В скором времени Макс и Луиза задумались над тем, чтобы окончательно перебраться в Нью-Кейнан. Макс всю жизнь прожил в Плейнфилде и был уверен, что раз уж человек пустил корни где-то на какой-то земле, то не должен их оттуда вырывать. Но также он считал, что Плейнфилд превратился в "проклятое, унылое, дешевое и гадкое место". Что касается Коннектикута, по этому поводу он писал автору Томасу Бойду:

"Люди здесь что надо, в них чувствуется Новая Англия.
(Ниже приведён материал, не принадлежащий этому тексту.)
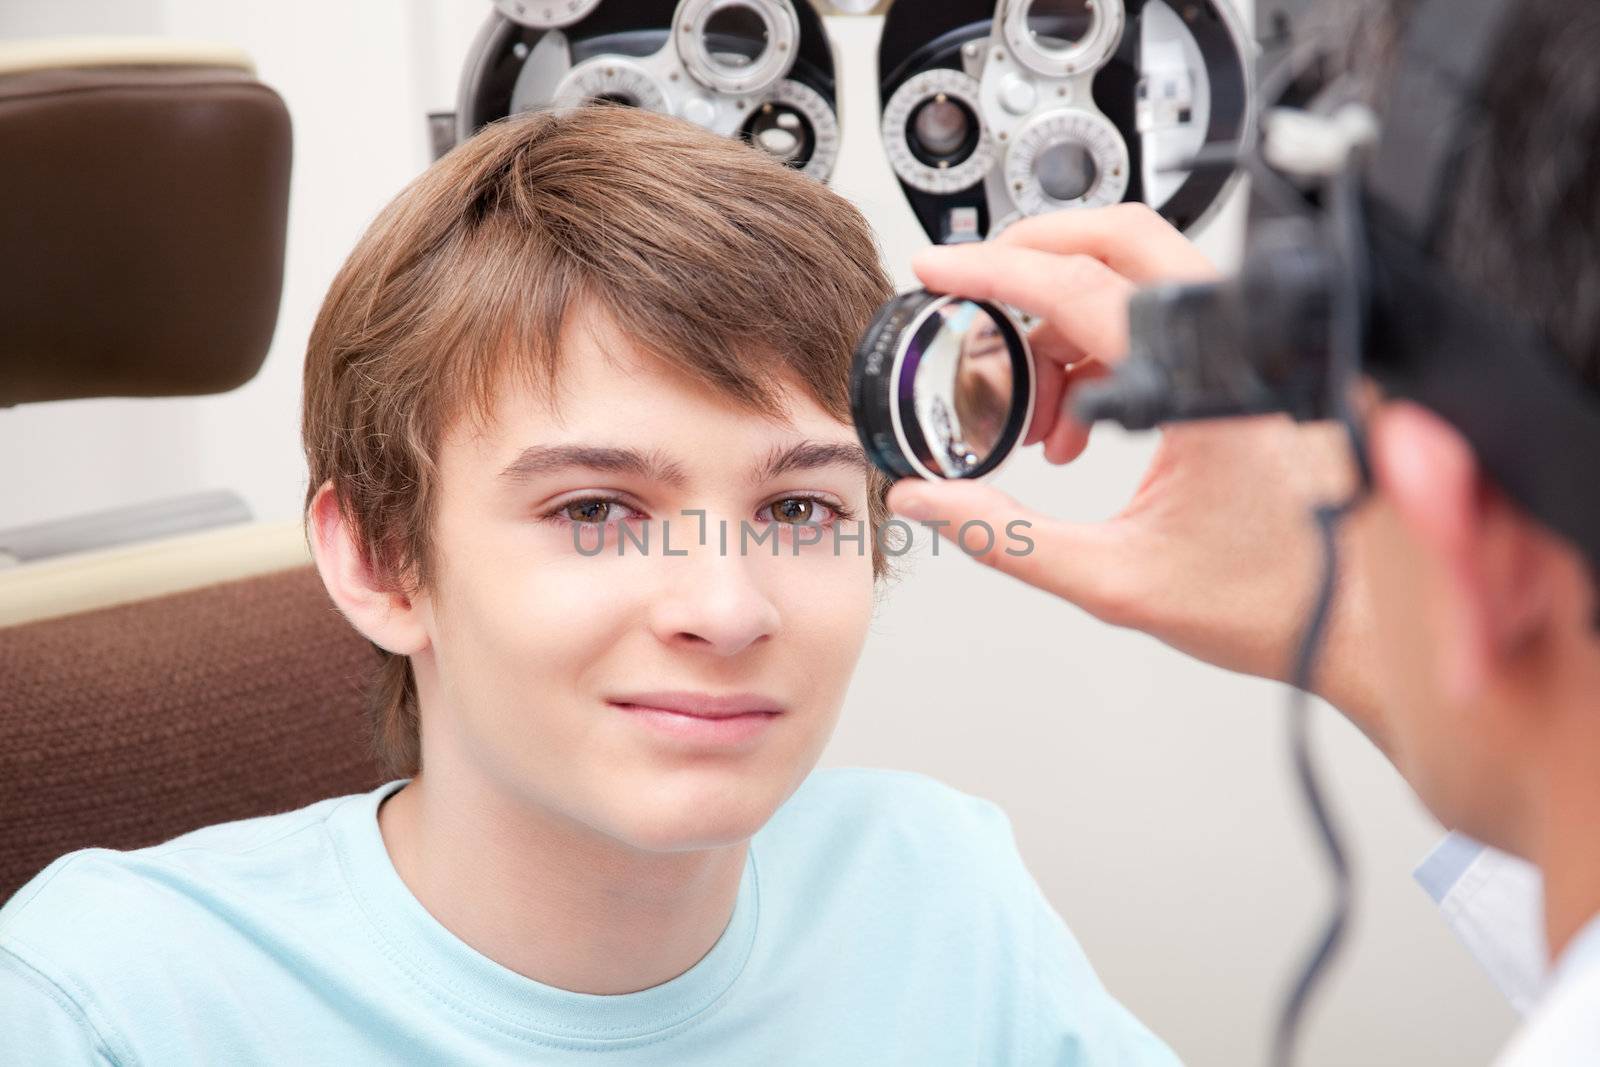 Optometrist taking an eyesight test examination.

Честно говоря, если бы у нас была возможность сбыть с рук дом в Плейнфилде, мы бы тут же купили новый здесь, и, если наш спор с Луизой закончится как обычно, мы так и сделаем. Но я все же надеюсь, что нет. Я знаю, что это довольно рискованное дело".
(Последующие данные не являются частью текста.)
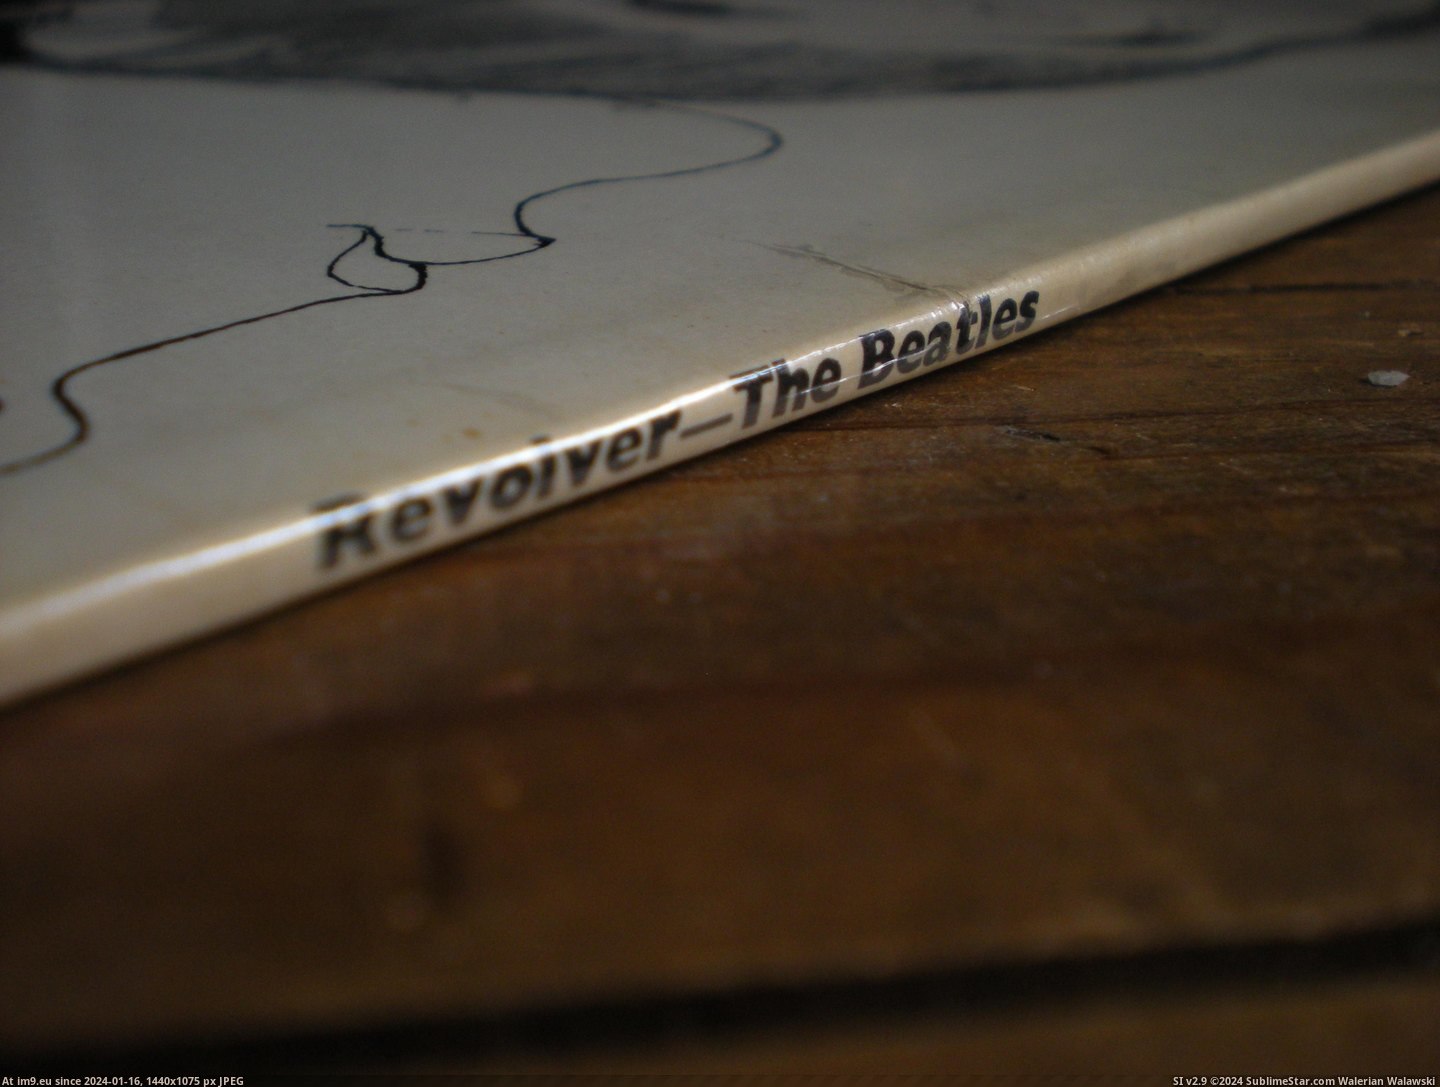  #Revolver  Revolver 15-07-14 4 Pic. (Изображение из альбом new 1))

Луиза предоставила Максу целый список причин, по которым они должны купить новый дом; начинался он с пункта о жуткой ненависти, которую она питала к тому, что в Плейнфилде. Это место напоминало ей о том, как мучительно медленно уходила из жизни ее мать. Кроме того, его содержание требовало немалых средств. К списку ее причин Макс добавлял свою: "Это очарование Нью-Кейнана, новоанглийской деревушки, лежащей в самом конце железнодорожного пути, в окружении дикой природы, раскинувшейся в нескольких направлениях. То есть дикой для выходца с востока. Идеальное место, чтобы вырастить детей. Пусть даже и девочек".

Луиза присмотрела нужный дом, и они купили его в конце сезона. Внешний вид строения поразил Макса.
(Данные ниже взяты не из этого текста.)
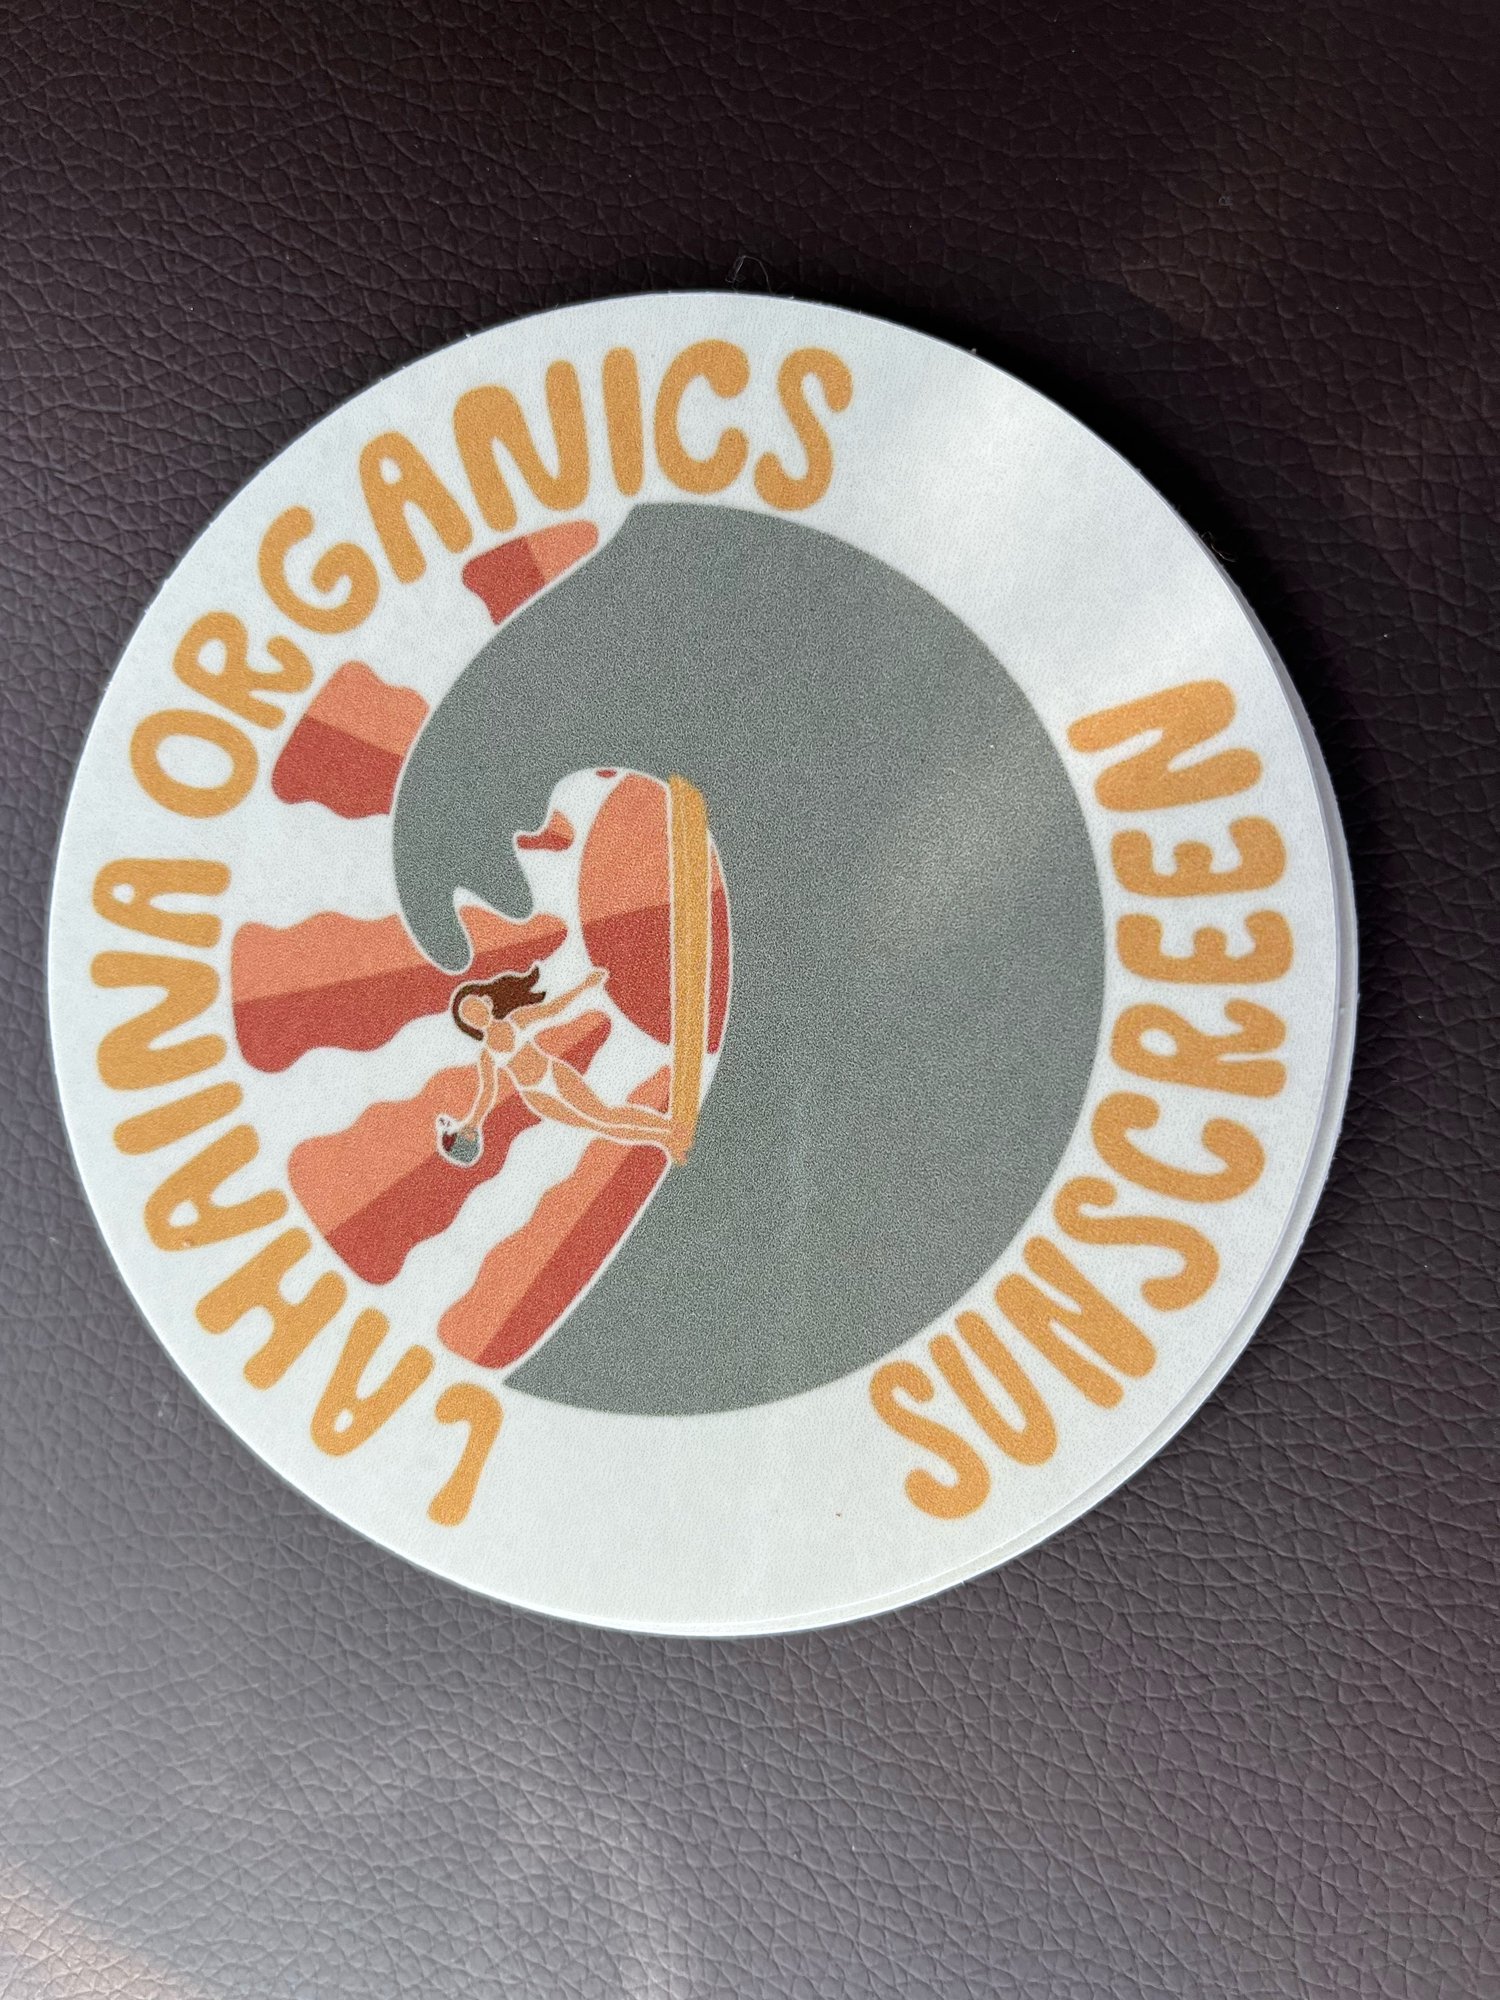 Image of Lahaina Organics stickers

"Четыре деревянные колоны! По одной для каждой дочки, когда к ним будут приезжать ухажеры на кабриолетах!" – писал он Элизабет Леммон.

16 января 1925 года Луиза сделала нечто, что Макс называл "еще одной осторожной попыткой стать матерью младенца".

"Попытка не увенчалась успехом. Потом мне сказали, что девочка обладает большой силой и прекрасным телосложением. И будь она мальчиком, из нее вышел бы замечательный нападающий в "Harvard Eleven" или даже главнокомандующий немецкой армии. Но, как и всегда, какой от этого толк?"

Одна из жительниц Нью-Кейнана как-то раз спросила Макса, когда они вместе ждали поезда на станции, как он собирается назвать свою пятую дочь?

– Хула, – решительно ответил он тогда, но после, по вполне понятным причинам, они с Луизой выбрали имя Нэнси Гейт Перкинс. И в тот день, когда "материализовалась" эта, пятая, дочка, Перкинс телеграфировал своей матери короткое: "ЕЩЕ ОДНА".

В Нью-Кейнане Перкинсы активно вовлеклись в общественную жизнь, чего с ними не было в Плейнфилде. Вблизи поселилось несколько литературных звезд. Максу сразу понравилась чета писателей и критиков, близких друзей Джеймса Джойса, Патрик и Мэри Колум. Мэри, или для друзей Молли, была статной рыжеволосой дамой. Она не была красавицей, но Макс находил ее "удивительной и шустрой, как кошка".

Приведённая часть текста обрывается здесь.